BY WILLIAM PHILLIPS GRAVES.
About one hundred and sixteen years ago a small school was started in a carpenter's shop on Andover Hill. This little school of about twelve boys was the origin of the great Phillips Academy, which now numbers about five hundred. Its founder was a certain Judge Samuel Phillips, a prominent young lawyer and statesman in Massachusetts during the Revolution. Besides giving much of his own money to the school, he enlisted the aid of some of his relatives, all of whom were very rich for those days, and soon had them so much interested in founding schools that his uncle, John Phillips, started a similar one in Exeter, New Hampshire, and named it Phillips Exeter Academy.
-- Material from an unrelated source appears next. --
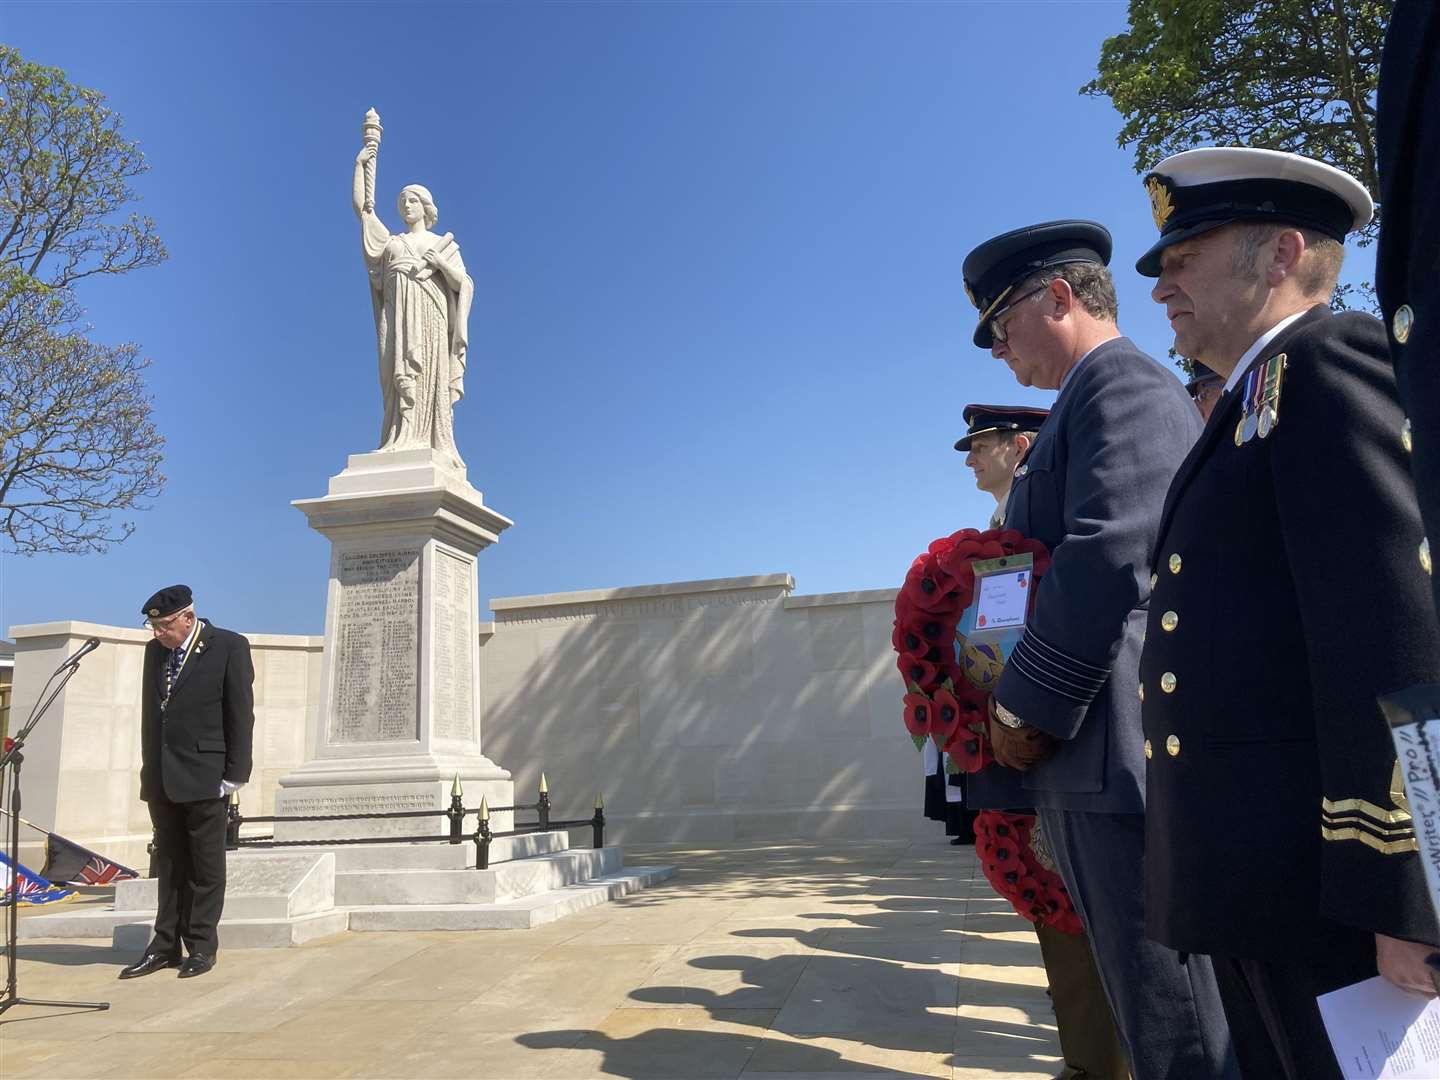 Quiet thoughts at the dedication of the new memorial wall in Sheerness

The little academy in Andover did not long hold its sessions in a carpenter's shop. It was soon provided with a good building by its wealthy founder; and, with an energetic principal and a fine set of boys, many of whom afterwards became famous men, the school flourished at once, and became widely known.
The location of the school has been shifted about on Andover Hill, for its buildings were several times burned down. One of them, the Science Building, is said to have been set on fire by a boy in revenge for having been severely disciplined. Tradition says that he is still living. If he should risk coming to Andover now, and could see the fine new Science Building which replaces the one he destroyed, I venture to say that his conscience would be immensely relieved.
THE PRESENT GYMNASIUM.
Where Oliver Wendell Holmes went to school.
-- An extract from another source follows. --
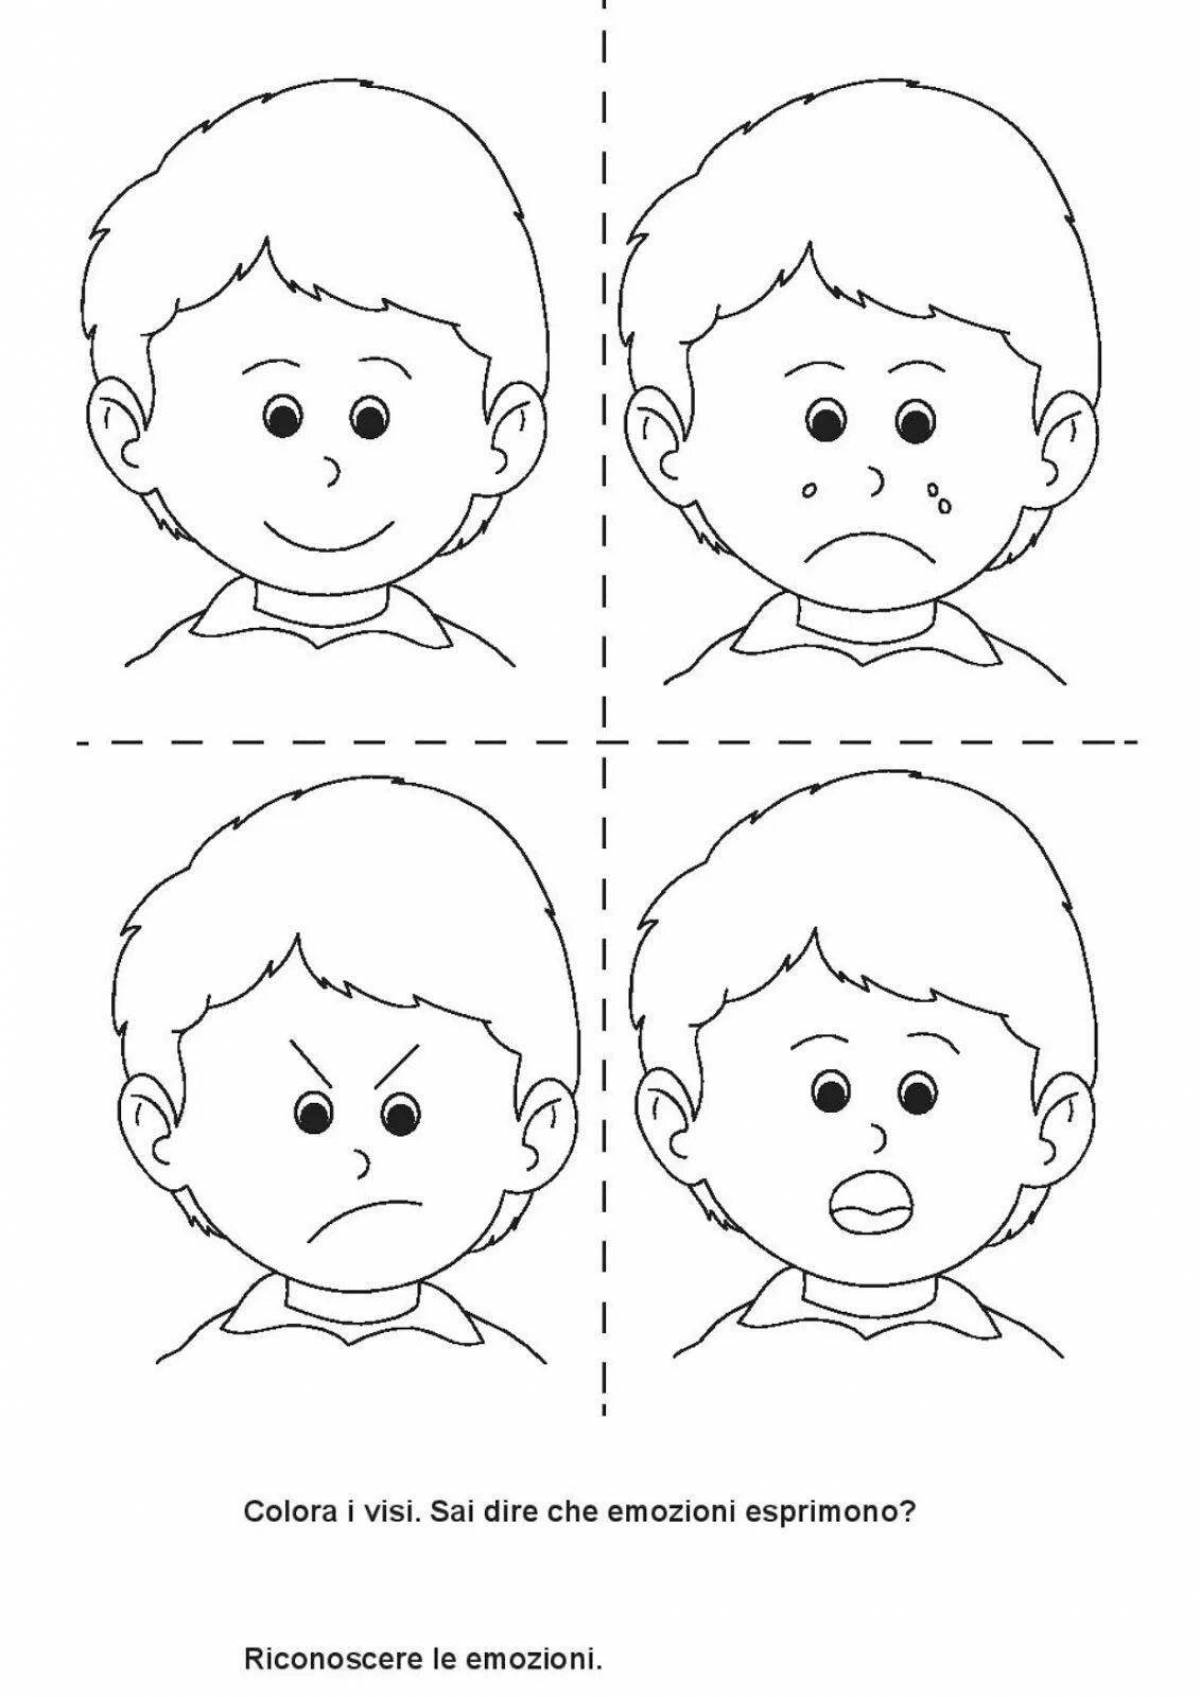 Fun emotion coloring pages for kids

The present Gymnasium is the old school-house which Oliver Wendell Holmes attended in his boyhood, and which he has immortalized in his poem read at the centennial celebration in 1878:
"The morning came. I reached the classic hall.
A clock face eyed me, staring from the wall.
Beneath its hands a printed line I read—
Youth is Life's Seed Time;' so the clock face said.
Some took its counsel, as the sequel showed,
Sowed their wild oats, and reaped as they had sowed.
How all comes back—the upward slanting floor.
The masters' thrones that flanked the master's door,
The long outstretching alleys that divide
The row of desks that stands on either side,
The staring boys, a face to every desk,
Bright, dull, pale, blooming, common, picturesque."
The life at Andover is more like college life than at most schools. The boys have their rooms in private boarding-houses, or small dormitories on and near the Hill. Here they do all their studying during day study hours, and here they must be at eight o'clock in the evening, for at a quarter before eight the academy bell begins to toll warningly until five minutes before the hour, when it rings rapidly. This means that every boy not within walking distance of his home must run, and woe to him who is discovered lingering on the street after eight!